The documents submitted gave credence to Meiring’s claims as “treasure hunter:” a three-page “International non-circumvention, nondisclosure confidentiality and working agreement” on the “sale and investigation of deposits of gold in bar form, and quantities of nikel (sic) babbit” requiring an advance of $1.075 million from the buyers’ group, with Meiring representing the sellers; a February 14, 1998 letter from a Derek S. Fawell of UK, apparently involved in “underwater survey and recovery.” Fawell’s letter started with “further to our discussions relating to the bomb disposal problem, I confirm that we can supply two experts willing to handle the job” and a two-page 1999 “Firm offer to sell up to 500 metric tons” starting with a “trial of 1,240 kilos” of gold bars in a bank in Butuan City. The offer was from Meiring but the two-page document bore no addressee.

The Manila Times report last year noted that “charred US federal bank notes were found in his exploded hotel room, with a three-week old fax from Derek S. Fawell, of 3 Glenhurst Avenue, Yorkshire, England that read: ‘With regard to your ordnance disposal problem, I have talked with our experts. They will be at your location upon the time frame that you instruct. The device that you have described is highly volatile and must be dealt with quite delicately.’”

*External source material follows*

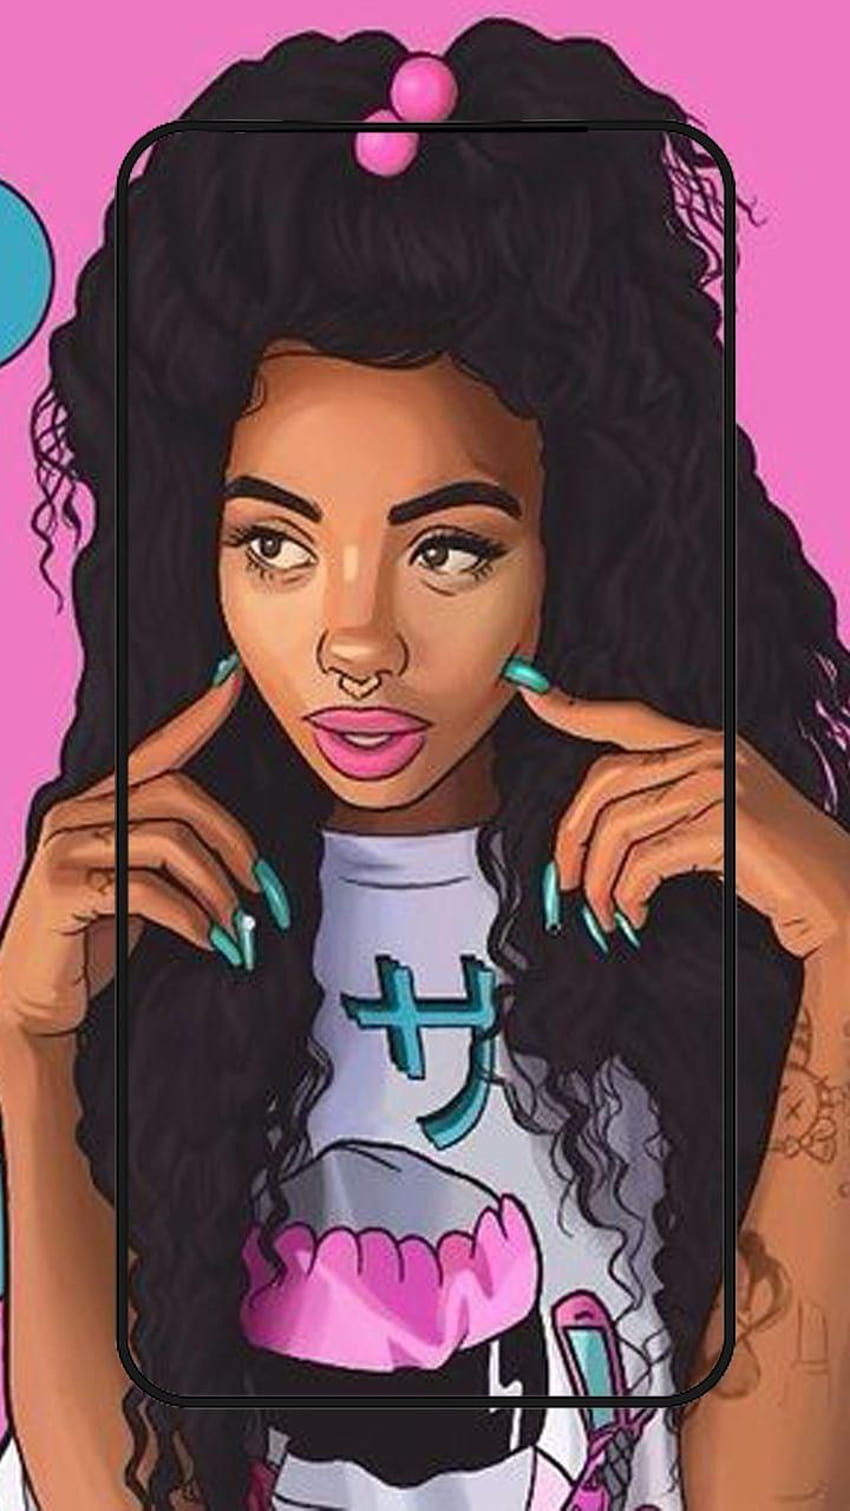 Gadis lucu di tahun 2021, kartun gadis kulit hitam cantik wallpaper ponsel HD
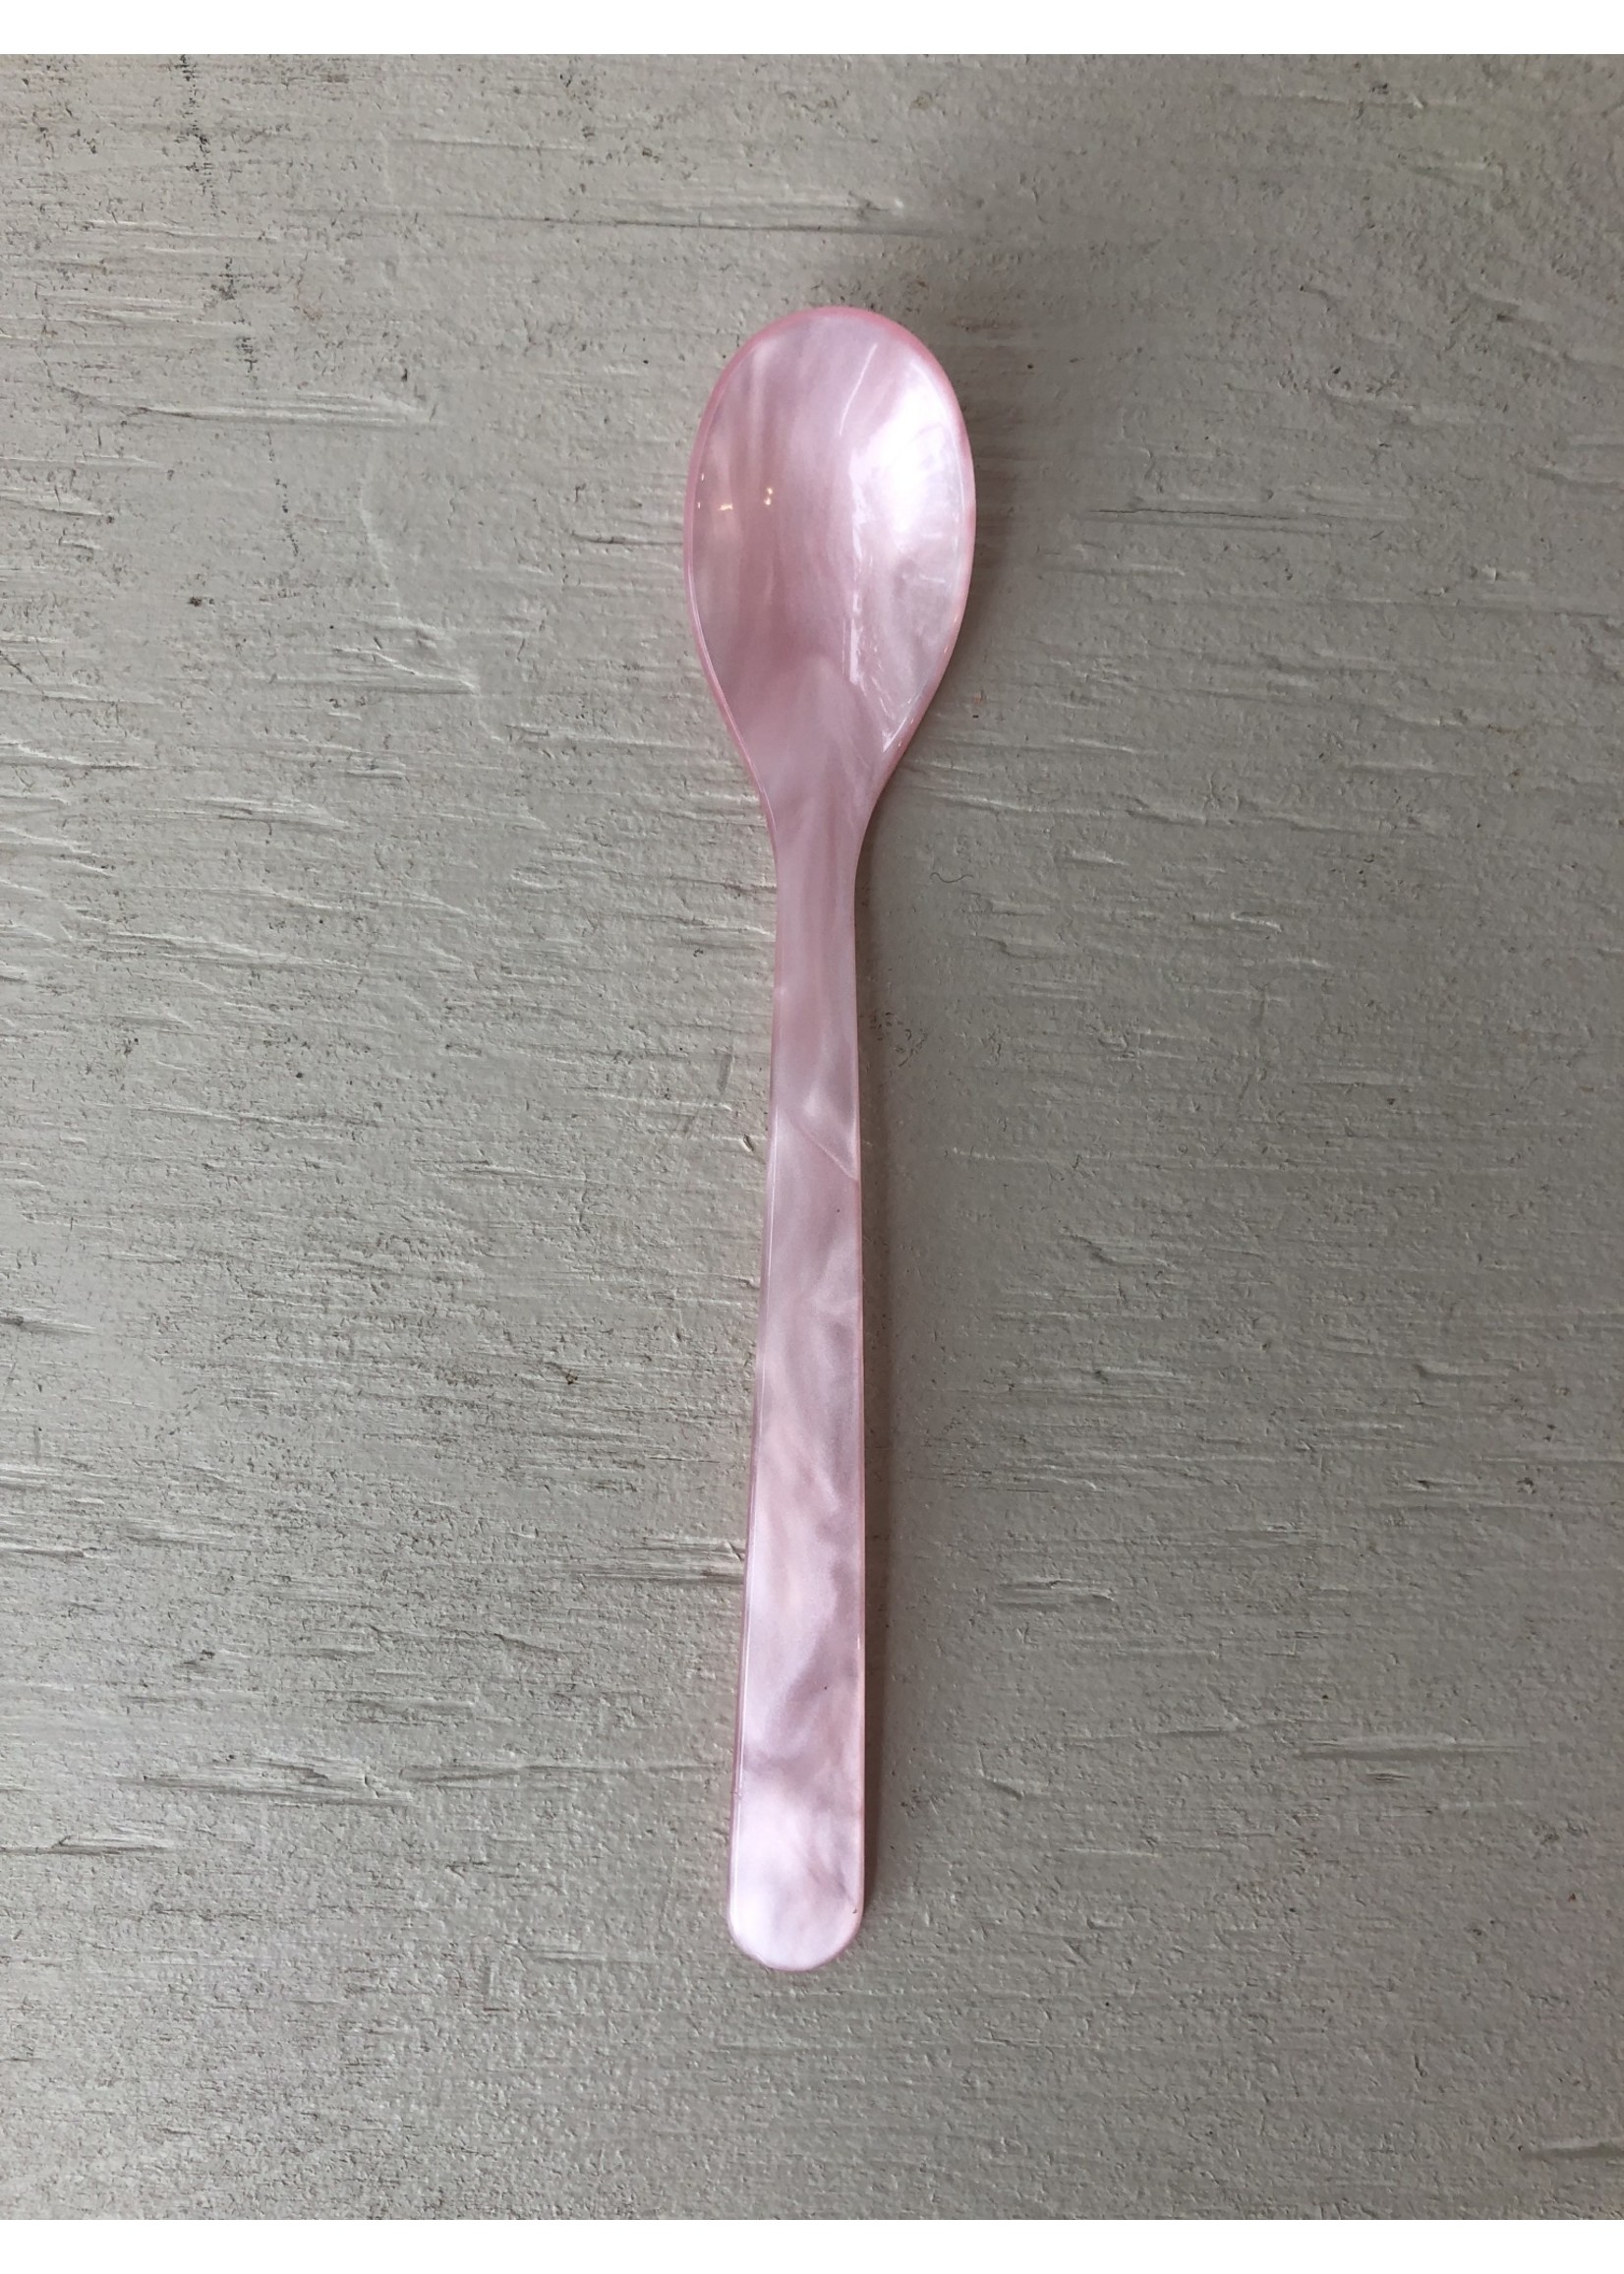 Heim Sohne Table Spoons by Heim Söhne

The list of exhibits and the case folder in court did not include federal notes whether dubious or real and did not include, too, the supposed three-week old faxed message.

Meiring used in his communications his company name, Parousia International Trading Co. Inc. using the Evergreen hotel phone and fax numbers.

A check with the Mindanao Business Council showed there is no Parousia or Meiring in its directory. The firm, however, is listed under “metals” in www.negosyopark.com, a Davao City-based business portal site.

Mines and Geo-sciences regional chief Ma Luisa Jacinto said Parousia had no permit and no accreditation as mineral trader. Jacinto said that if Meiring had secured a permit and accreditation in the national office, they would have been sent copies.

Parousia is a Greek word that literally means “being present.” In Christian theology, it is another term for “second coming.”